After the unit tests pass, you move to integration tests that focus on the interaction between a few key components. These tests might check:

• If the order is correctly processed after the checkout is completed.
• If the payment gateway successfully processes the payment and updates the order status.
• Whether the inventory system correctly adjusts stock levels after an order is placed.

By combining both unit testing and integration tests, you ensure:

• Each individual function, like price calculation, works correctly in isolation.
• The interactions between components like checkout, payment, and inventory are functioning as expected, handling real dependencies without testing the full system.

This approach ensures that isolated components and their core interactions work smoothly, allowing you to catch bugs early and ensure the system performs well in production.

Why Focusing on Code Coverage Isn’t Enough

Code coverage is often used as a metric to see how much of the code is being tested, but relying too much on code coverage numbers can be misleading. Instead of aiming for high coverage, it’s more important to focus on the quality of the tests themselves. Here’s why:

• Coverage Doesn’t Equal Quality: High coverage can miss critical bugs if tests aren’t thorough.
• False Confidence: High coverage can make you feel secure, but weak tests may still pass.
• Real-World Bugs Matter: Tests should focus on real use cases rather than covering every line of code.
• Time-Efficient Testing: Prioritize testing important code paths over chasing full coverage.
• Quality Over Quantity: Fewer meaningful tests are better than lots of shallow ones.

In short, while code coverage helps, the real focus should be on writing tests that catch real issues and cover critical functionality.

Wrapping It Up: Key Takeaways

We’ve covered how unit tests help catch early bugs by testing individual components, while integration tests ensure different parts of the system work well together.

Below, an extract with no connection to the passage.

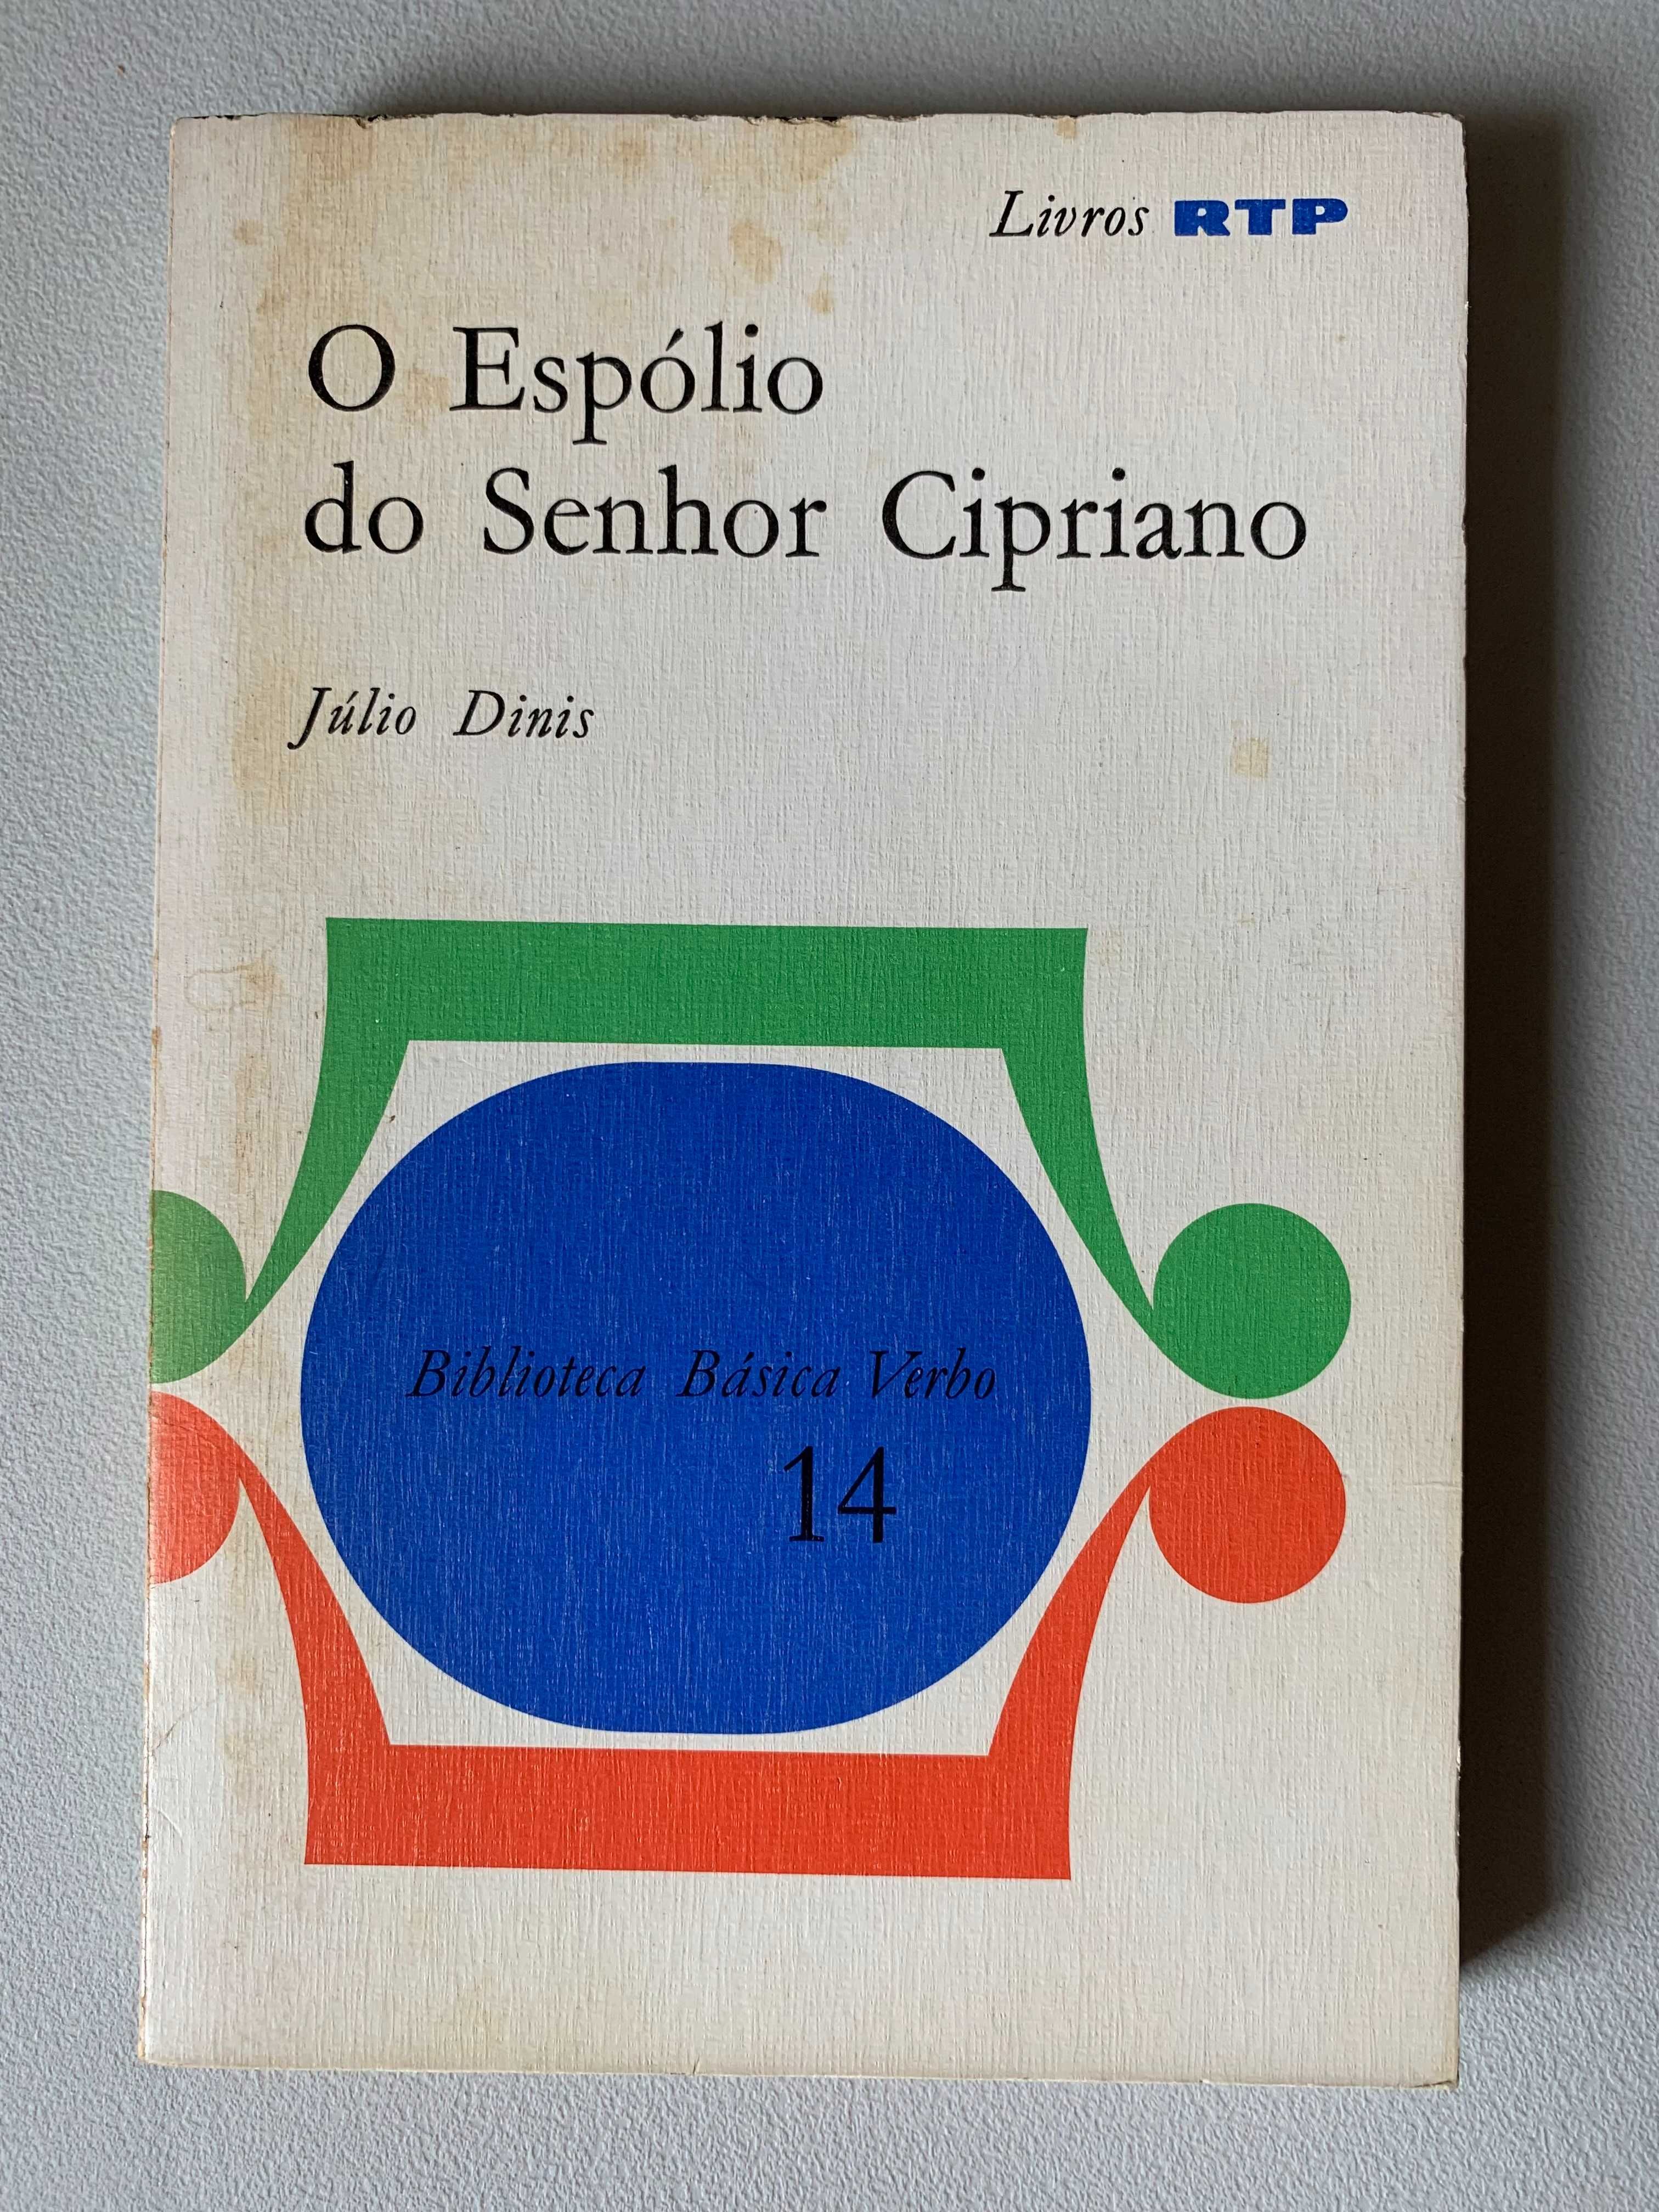 O Espólio do Senhor Cipriano, de Júlio Dinis

We’ve also covered how AI tools like GitHub Copilot make writing tests easier, especially for unit testing, and adding tests to your CI/CD pipeline helps catch issues before they reach production. Following best practices and applying these tests effectively ensures smooth development and long-term stability.

By combining both unit and integration testing, you get a complete testing approach. As your project grows, continue refining your tests to cover new features, ensuring long-term reliability and adequately testing the system.

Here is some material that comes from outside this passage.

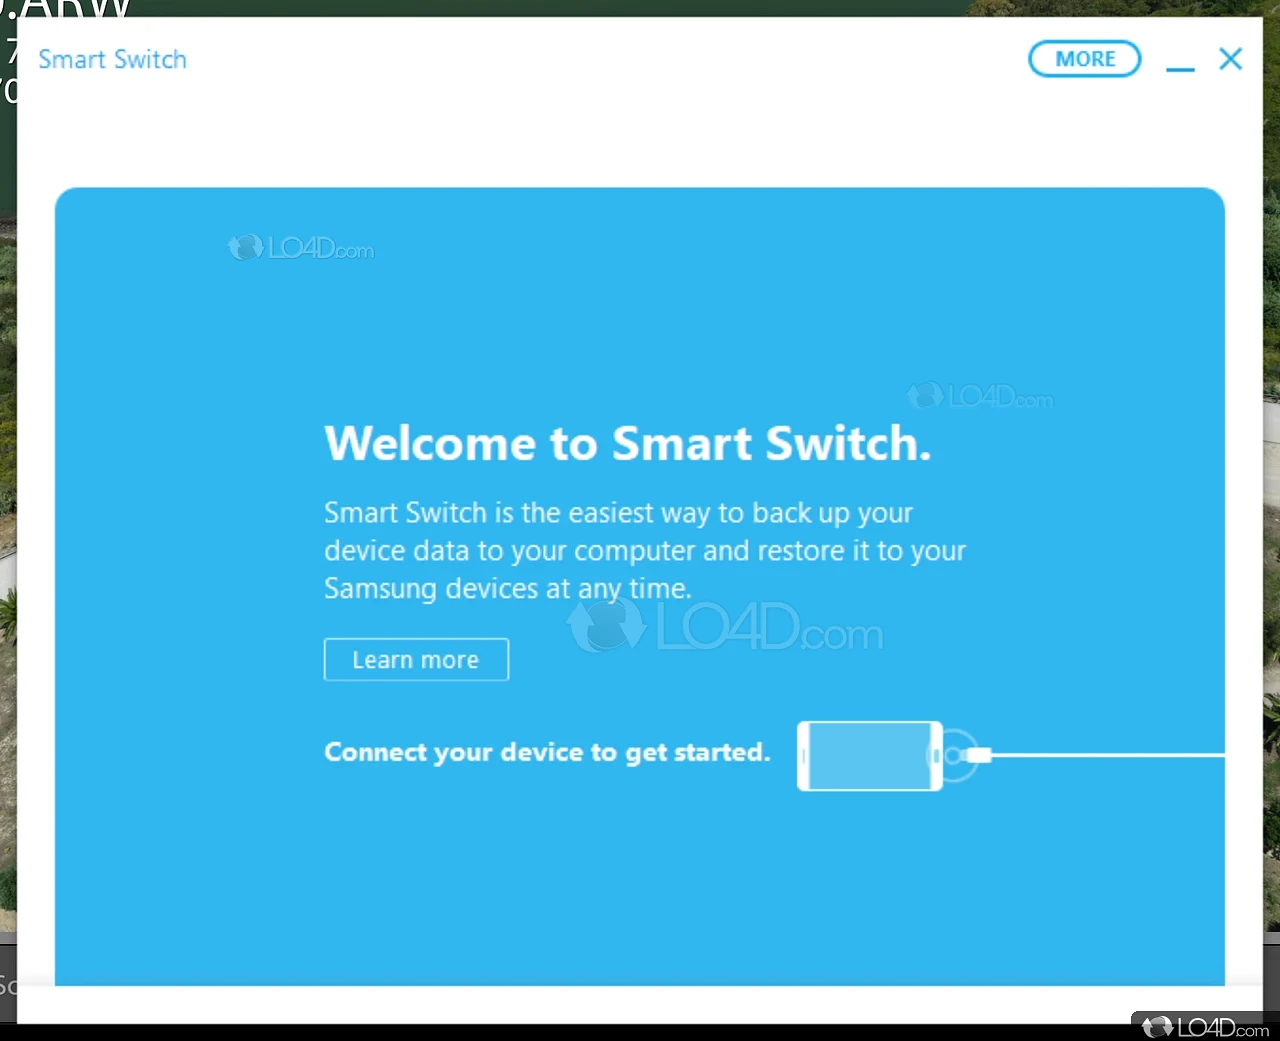 samsung smart switch windows 10 64 bit download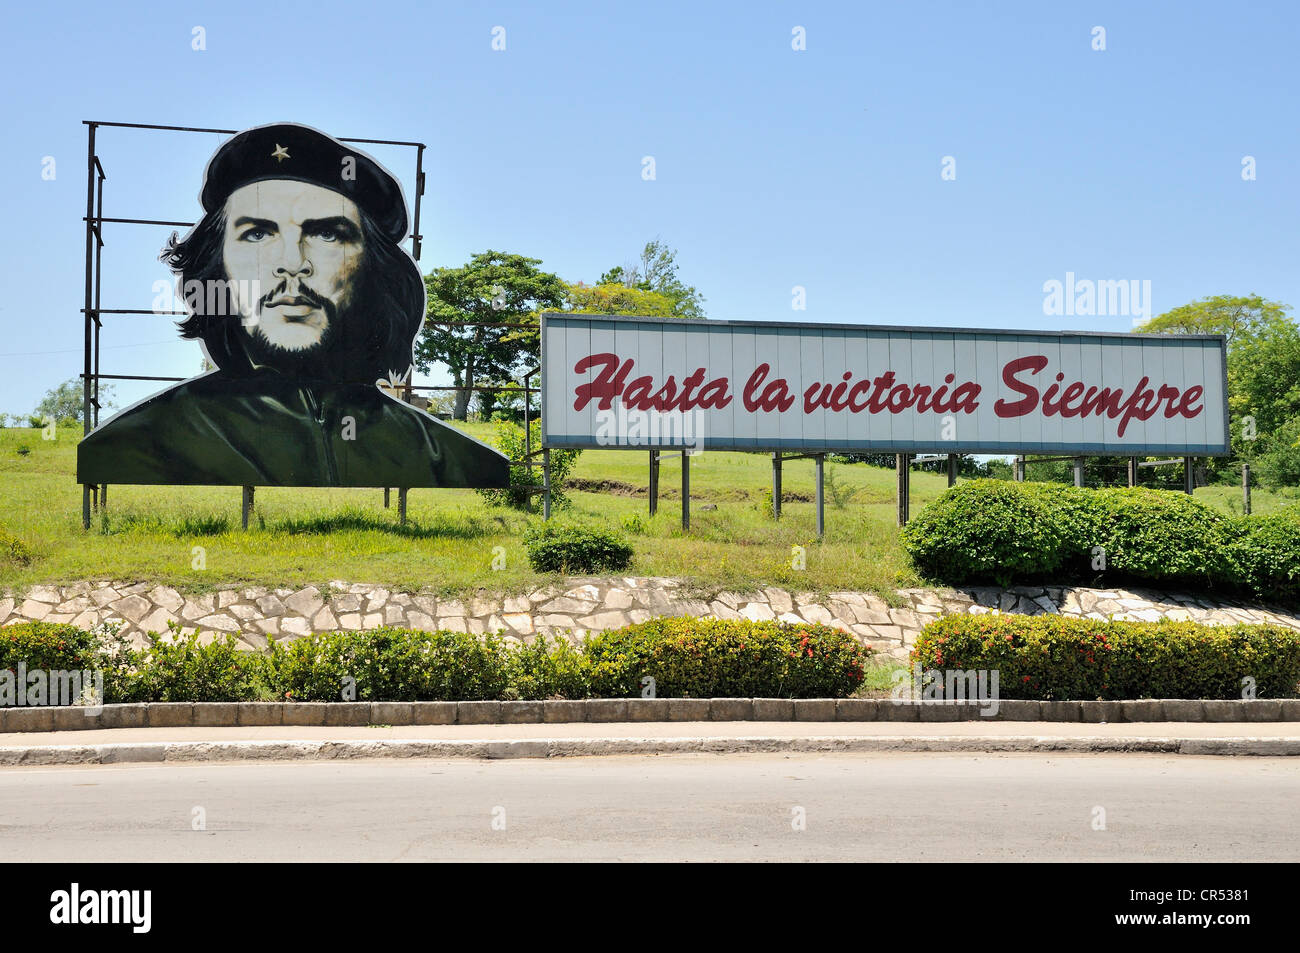 La propagande révolutionnaire, 'hasta la victoria siempre', espagnol pour "toujours de l'avant à la victoire' avec portrait d'Ernesto 'Che' Banque D'Images

Frequently Asked Questions

1. What is the difference between integration testing and unit testing?

Unit testing checks individual components, like functions or methods, to ensure they work on their own. These tests are often part of white-box tests where you have visibility into the internal design. Integration testing, on the other hand, focuses on how these units of code work together. It tests interactions between parts of a software application to catch issues that happen when they’re combined, making it a key part of your testing strategies.

2. What is an example of integration testing?

A good example of integration testing would be checking how an e-commerce app’s checkout process works. The test would ensure that when a user adds items to the cart, the payment service processes the transaction, and the inventory system updates the stock levels accordingly.

3. Is API testing integration testing?

API testing can be a type of integration testing. It tests how your application interacts with an external API, ensuring that the data exchange between your app and the API works correctly and that your components handle the API responses as expected. This can be considered a form of black box testing technique because you’re testing the external behavior without focusing on the internal code.

4. Do integration tests replace unit tests?

No, integration tests don’t replace unit tests. Unit tests verify specific functions or methods in your source code, while integration tests focus on how components work together. Both are important, serve different purposes, and help catch bugs early at different stages of the testing process, including acceptance level and basic tests. Unit tests may run faster, helping with faster test execution, while integration tests provide a broader scope by focusing on integration testing checks.